The mean square error (MSE), root mean square error (RMSE), mean average error (MAE), mean average percentage error (MAPE), and sum of squared error (SSE), have been calculated and compared with the three methods. The performance indexes are defined as shown in the following. $MSE\text{=}\frac{1}{n}{\displaystyle \sum _{i=1}^n{({\widehat{y}}_i-y_i)}^2}$ $MAE\text{=}\frac{1}{n}{\displaystyle \sum _{i=1}^n\left|{\widehat{y}}_i-y_i\right|}$ $RMSE\text{=}\sqrt{\frac{1}{n}{\displaystyle \sum _{i=1}^n{({\widehat{y}}_i-y_i)}^2}}$ $MAPE\text{=}\frac{1}{n}{\displaystyle \sum _{i=1}^n\left|{\widehat{y}}_i-y_i\right|}*100$ $SSE\text{=}{\displaystyle \sum _{i=1}^n{({\widehat{y}}_i-y_i)}^2}$ where ${\widehat{y}}_i$ is the predicted value and y_i are the observed value.

The main evaluation indexes that were calculated by these three methods are listed in Table 2.

From the definitions of the other evaluation indexes, including MSE, MAE, RMSE, SSE, and MAPE, we know that the smaller the values of these indexes are, the more accurate the prediction is. The BPNN-GA method had the smallest values of these evaluation indexes when it was used to predict hepatitis A and the WNN method had the smallest values of these indexes when it was used to predict hepatitis B; the same for the GRNN method when it was used to predict hepatitis E. It can be seen that the BPNN-GA and WNN methods were not superior to the others when they were used to predict hepatitis C, but they were all superior to GRNN method. According to Fig. 8, we know that: 1) hepatitis A, B, and E have a strong seasonal volatility, but hepatitis C fluctuates up and down monthly and does not have seasonal volatility; and 2) the incidence data of hepatitis A and B are the smallest and the largest, respectively. Hepatitis E increased slowly from January to December (except for March). That is to say, these three prediction methods have their advantages when they are used to predict seasonal fluctuation data. The BPNN-GA and WNN methods are suitable for predicting small and large data, respectively, while GRNN is suitable for predicting data that increases steadily.

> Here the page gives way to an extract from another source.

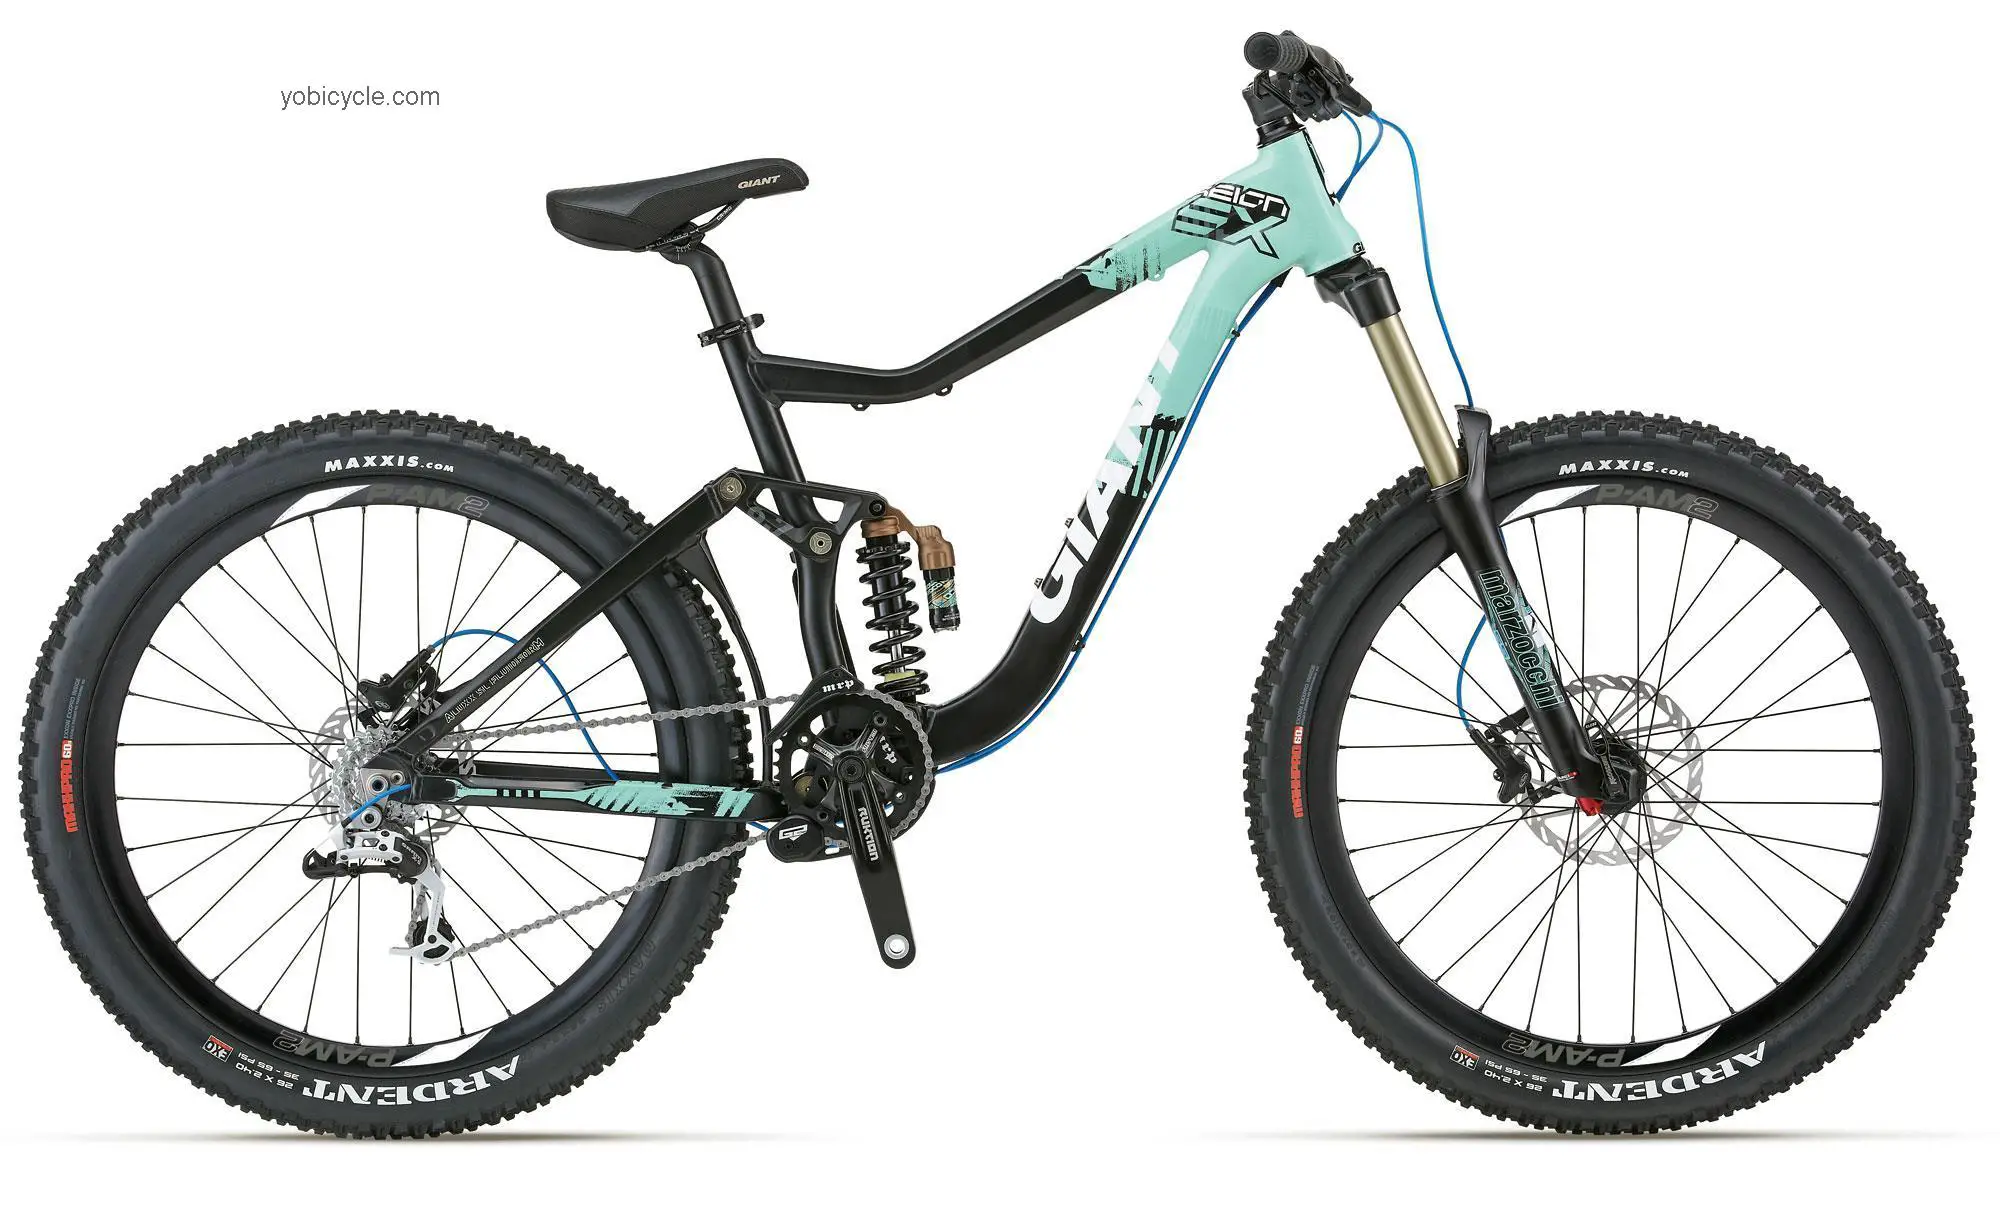 Giant Reign SX competitors and comparison tool online specs and performance

The BPNN-GA and WNN methods were not superior to the others when they were used to predict the data that fluctuated up and down monthly and does not have seasonal volatility, and the GRNN method is not suitable for predicting these types of data.

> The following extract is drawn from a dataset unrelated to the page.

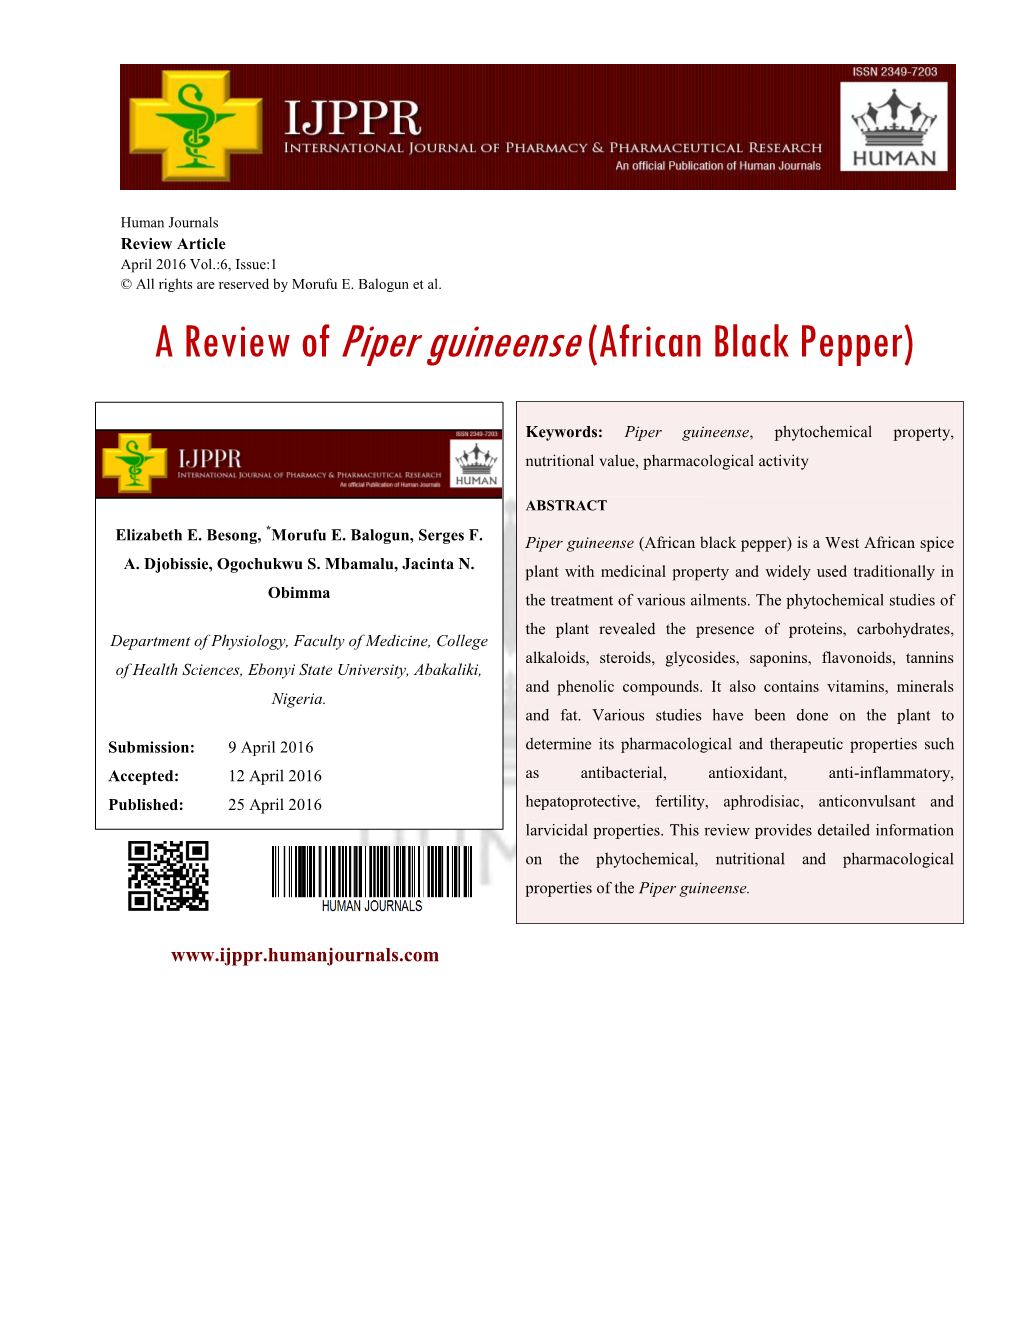 A Review of Piper Guineense(African Black Pepper)

Comparison of statistical significance tests

Statistical significance of the obtained results was investigated using T-test; a p-value of < 0.05 was considered significant. The results are listed in Table 3.

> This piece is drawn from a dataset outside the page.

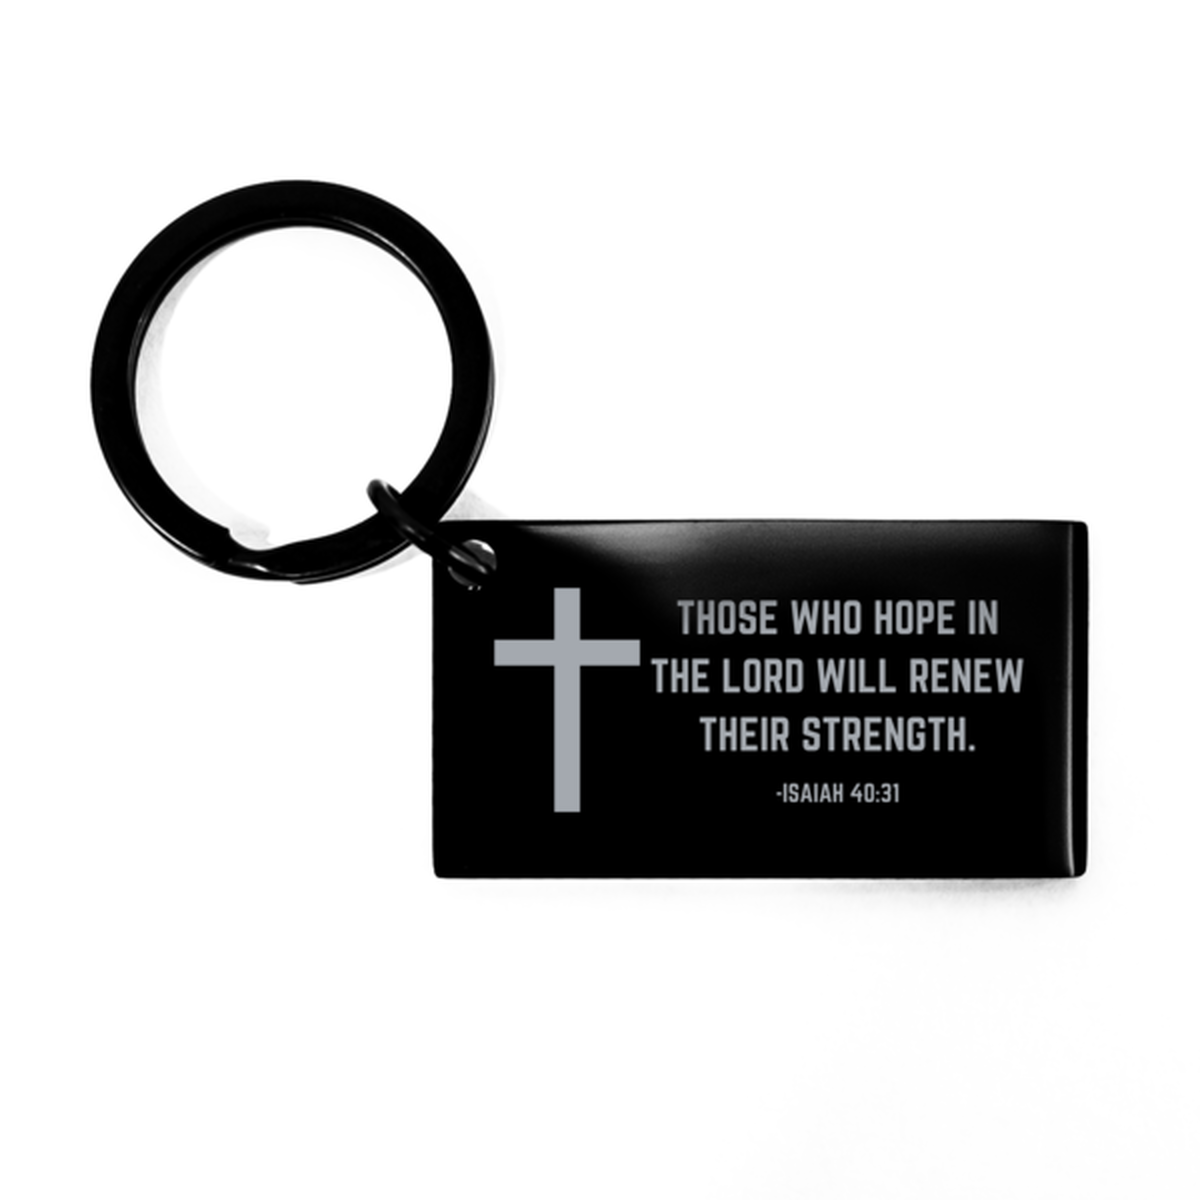 Baptism Gifts For Teenage Boys Girls, Christian Bible Verse Black Keychain, Those who hope in the Lord, Confirmation Gifts, Bible Verse Keyring for Son, Godson, Grandson, Nephew

The correlation will be better when the correlation coefficient is close to 1, namely, the predicted value is closer to the observed value. From Table 3, it can be seen that the BPNN-GA method has the best correlation when it was used to predict hepatitis B and C. The same in regard to the GRNN and WNN method; they had the best correlation when they were used to predict hepatitis E and A, respectively.

P < 0.01 are for all models from Table 3 which reveals that the difference is statistically significant between the predictive value and the original data.